--- Given data Enclosed Below ---

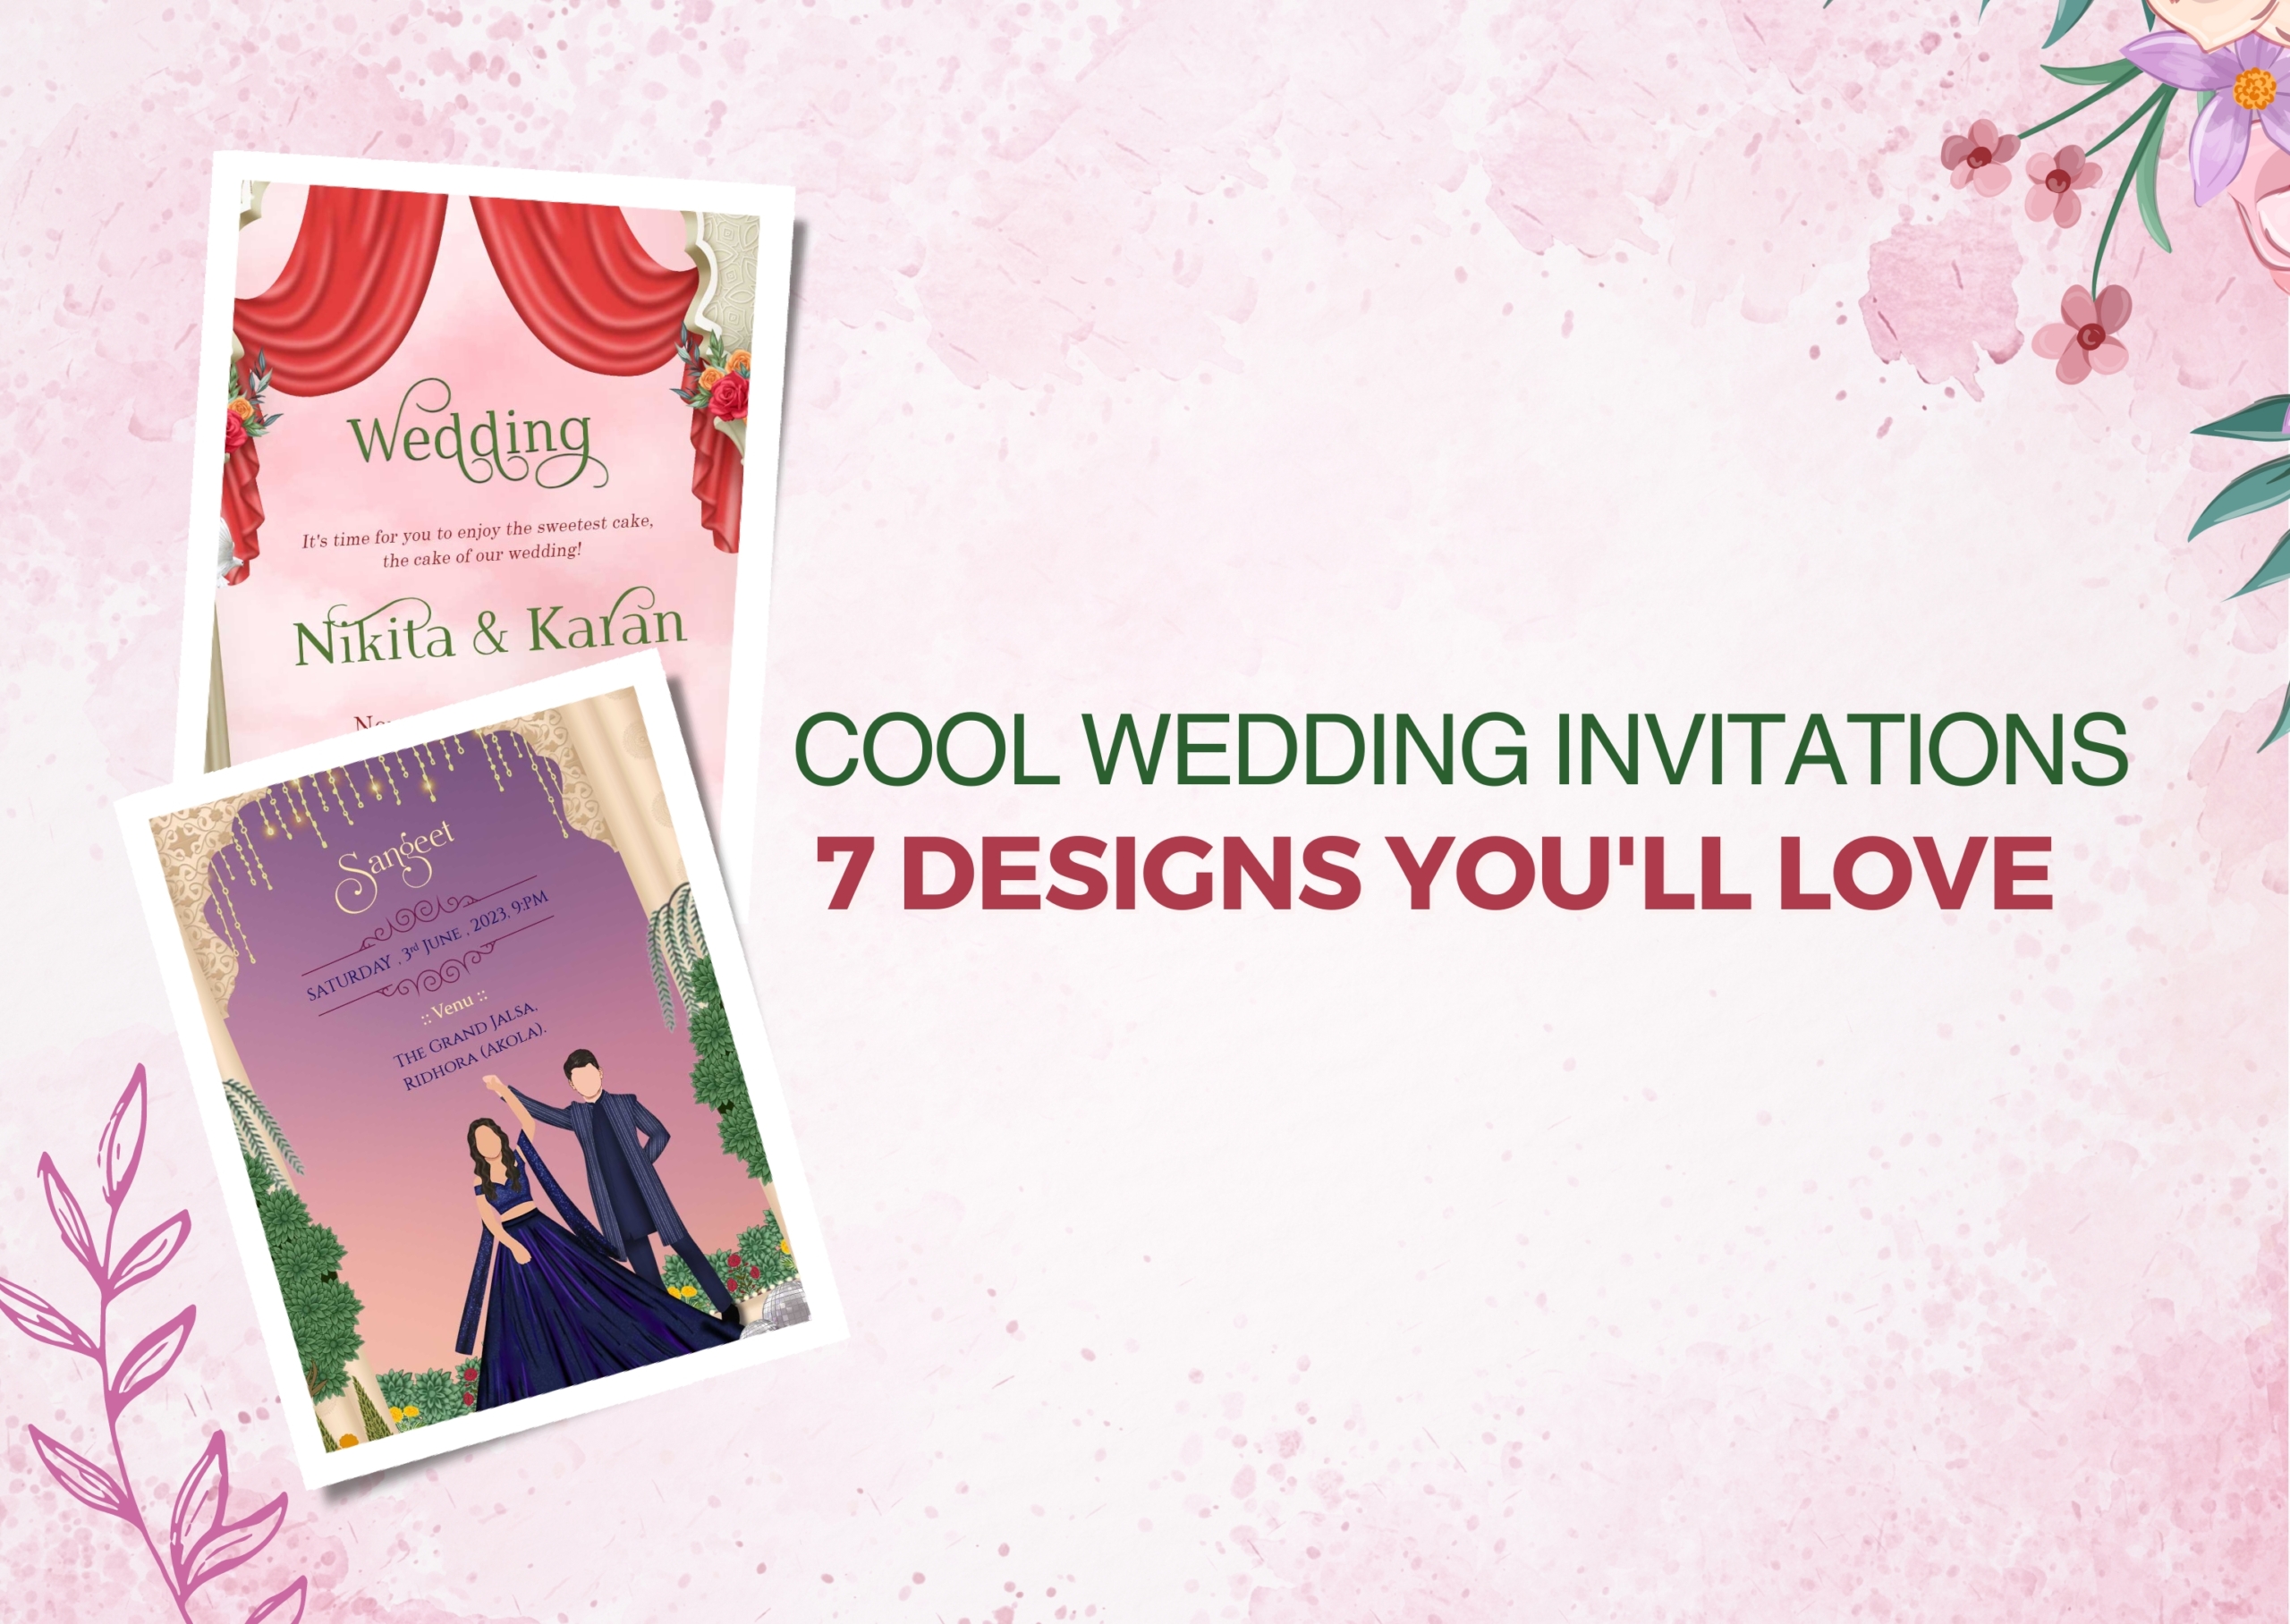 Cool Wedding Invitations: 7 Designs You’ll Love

--- End of Enclosed Given data ---
--- Given data Enclosed Below ---

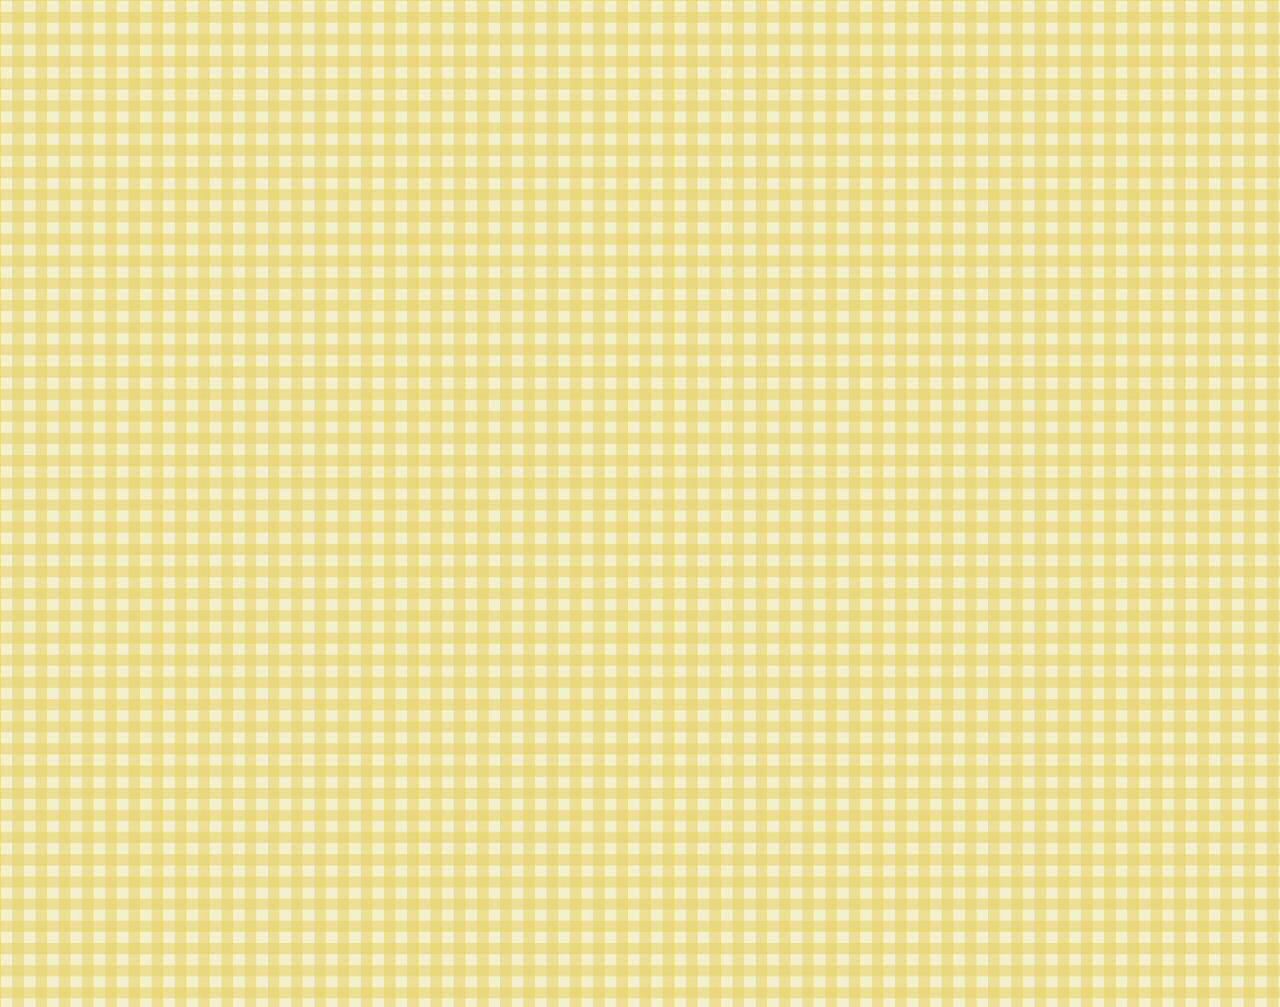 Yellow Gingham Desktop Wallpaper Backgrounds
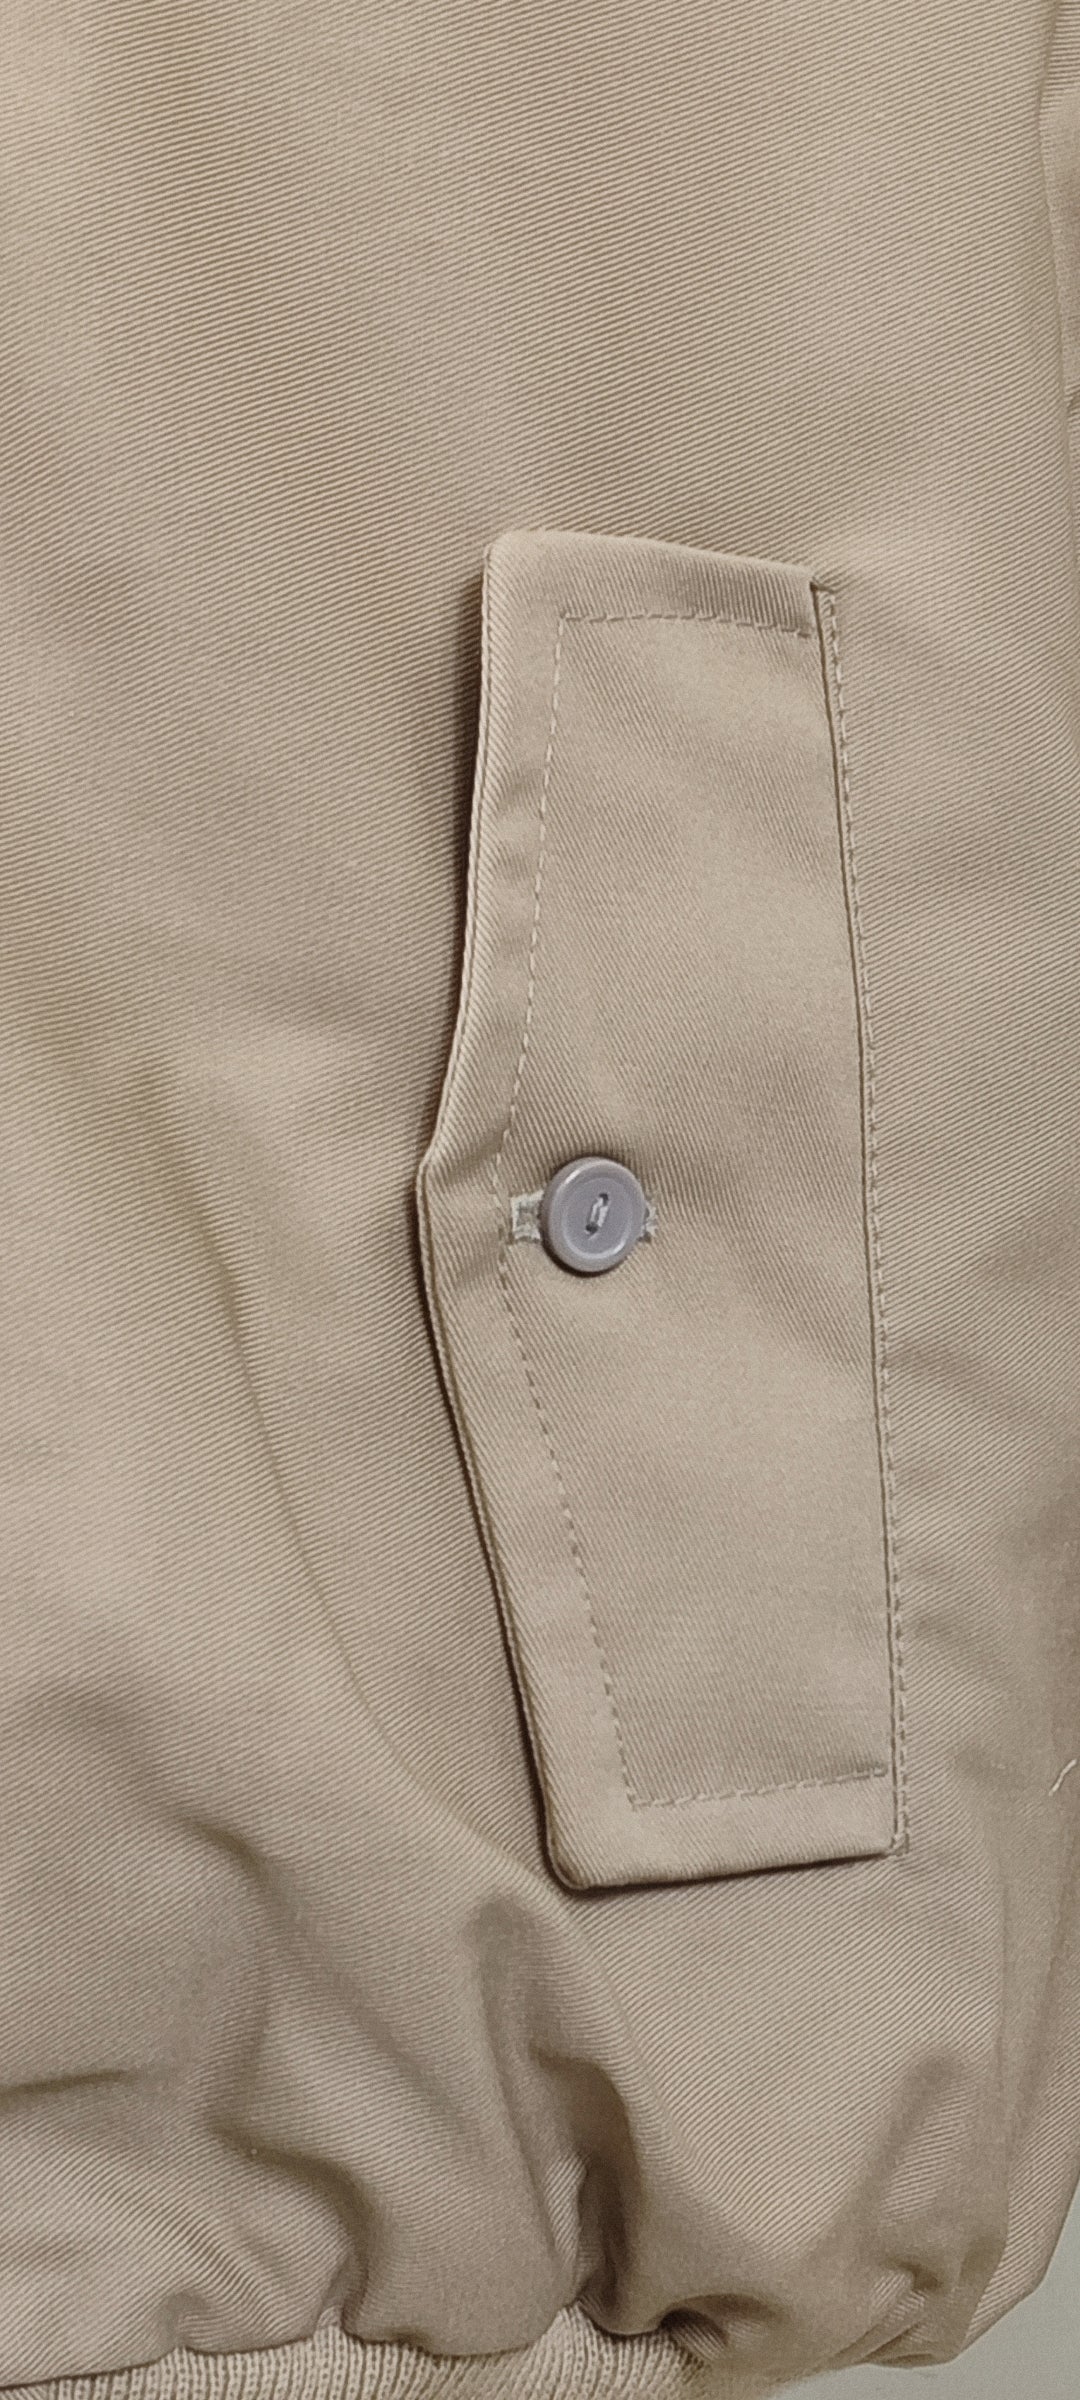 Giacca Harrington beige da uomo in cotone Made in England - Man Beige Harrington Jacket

--- End of Enclosed Given data ---

Aim of the task: What is needed is an exact copy of the lines above, from the one holding "Yellow Gingham Desktop Wallpaper Backgrounds" down to the one holding "Giacca Harrington beige", with those two included and the pictures left out.

Task solution:
 Yellow Gingham Desktop Wallpaper Backgrounds
 Giacca Harrington beige da uomo in cotone Made in England - Man Beige Harrington Jacket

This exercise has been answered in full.